Line by line, return the listing exactly, without any of the images.

Data shown:
•••••

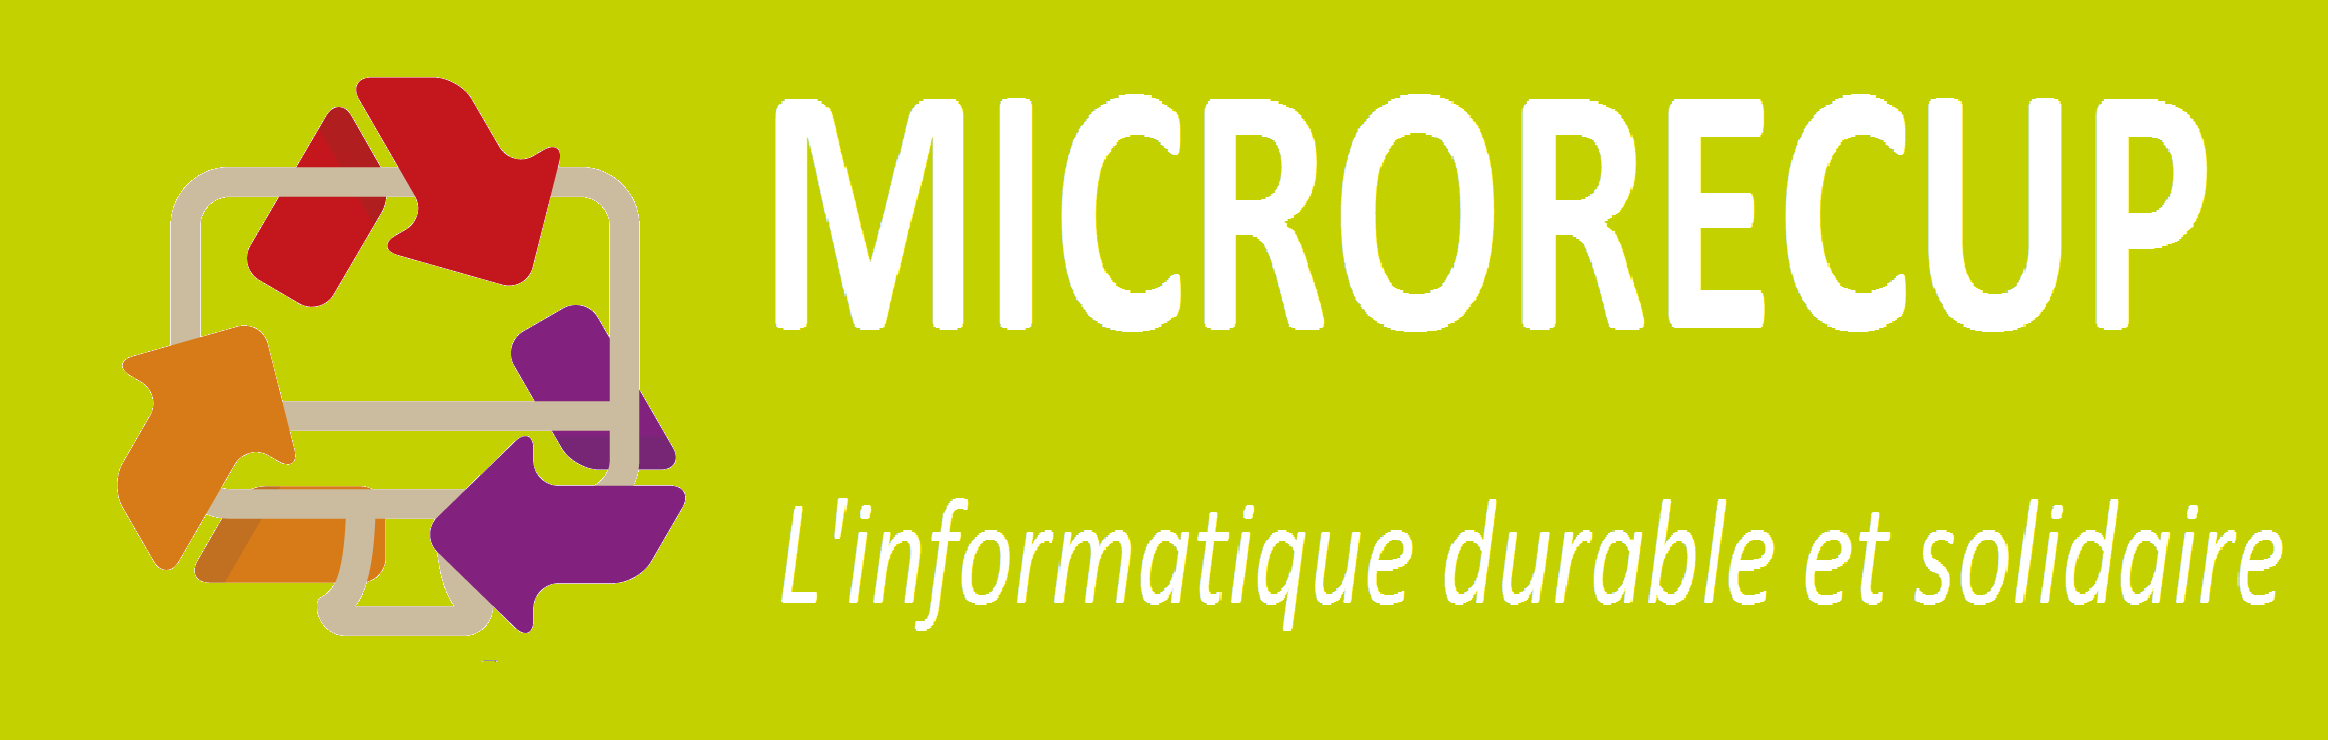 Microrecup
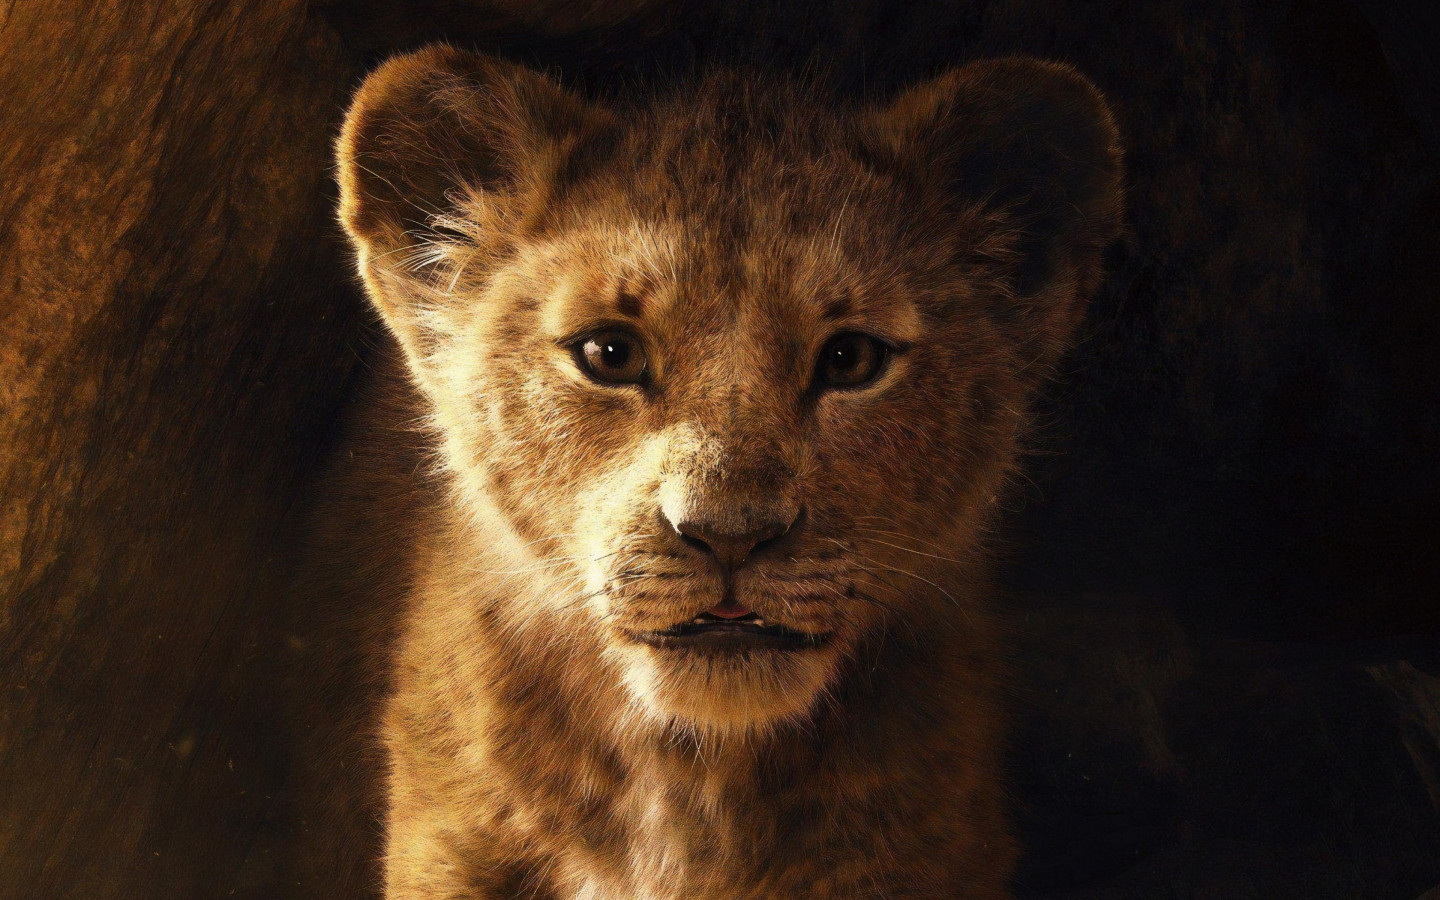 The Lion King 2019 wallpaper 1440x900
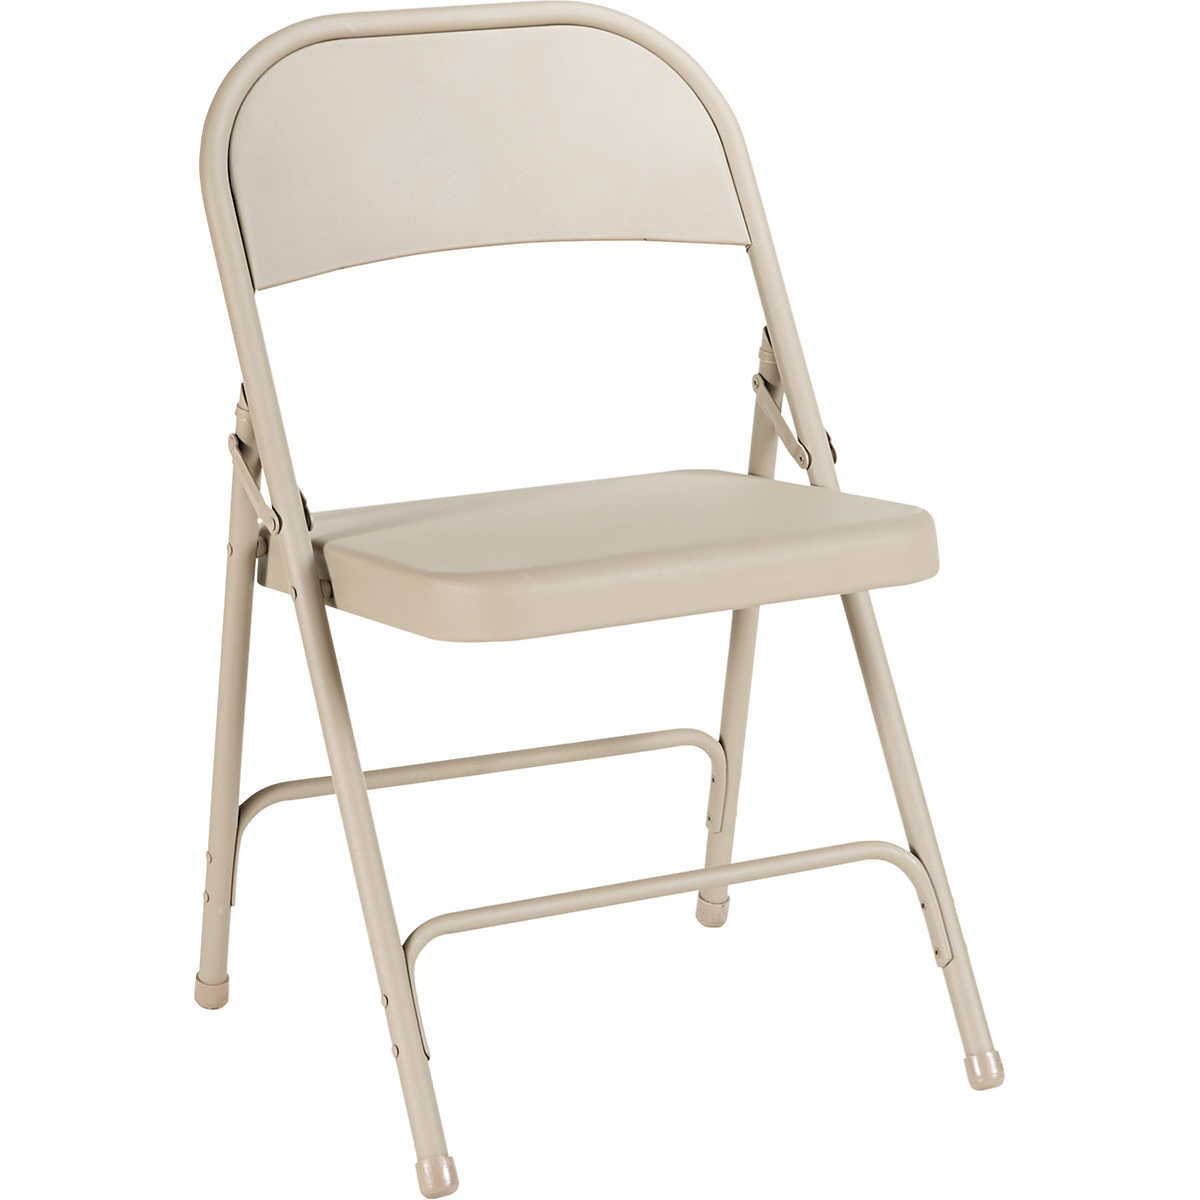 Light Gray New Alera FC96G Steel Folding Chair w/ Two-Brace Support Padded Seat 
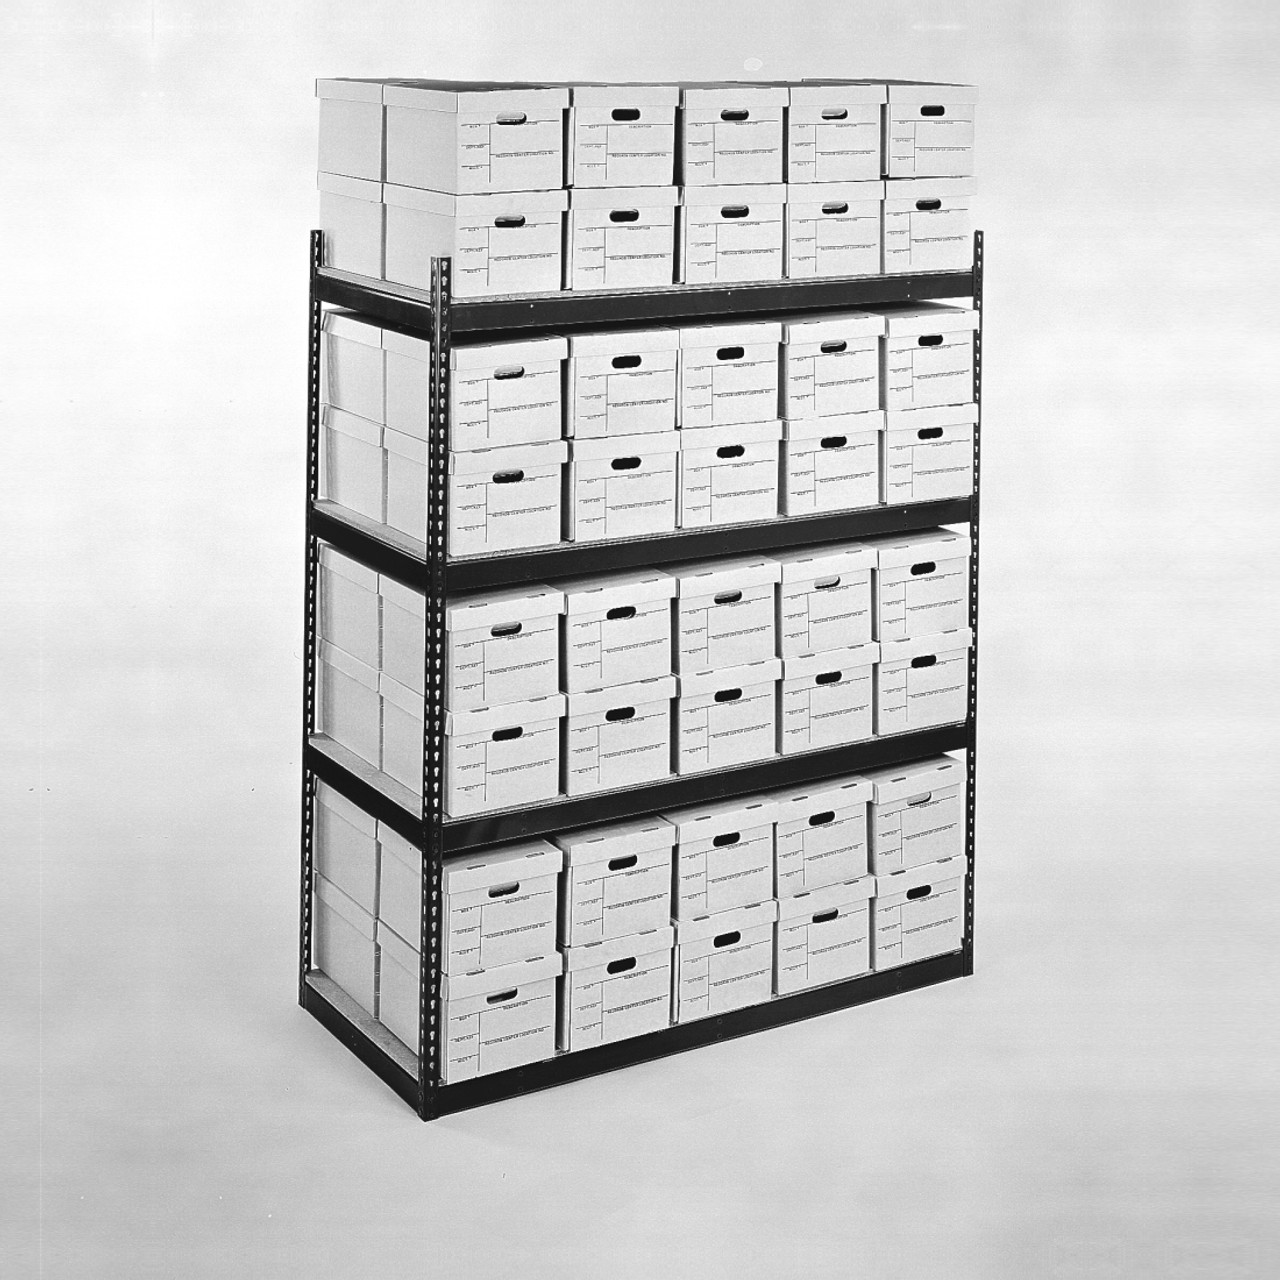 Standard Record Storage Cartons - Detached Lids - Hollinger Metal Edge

•••••

Your response:
 Microrecup
 The Lion King 2019 wallpaper 1440x900
 Light Gray New Alera FC96G Steel Folding Chair w/ Two-Brace Support Padded Seat 
 Standard Record Storage Cartons - Detached Lids - Hollinger Metal Edge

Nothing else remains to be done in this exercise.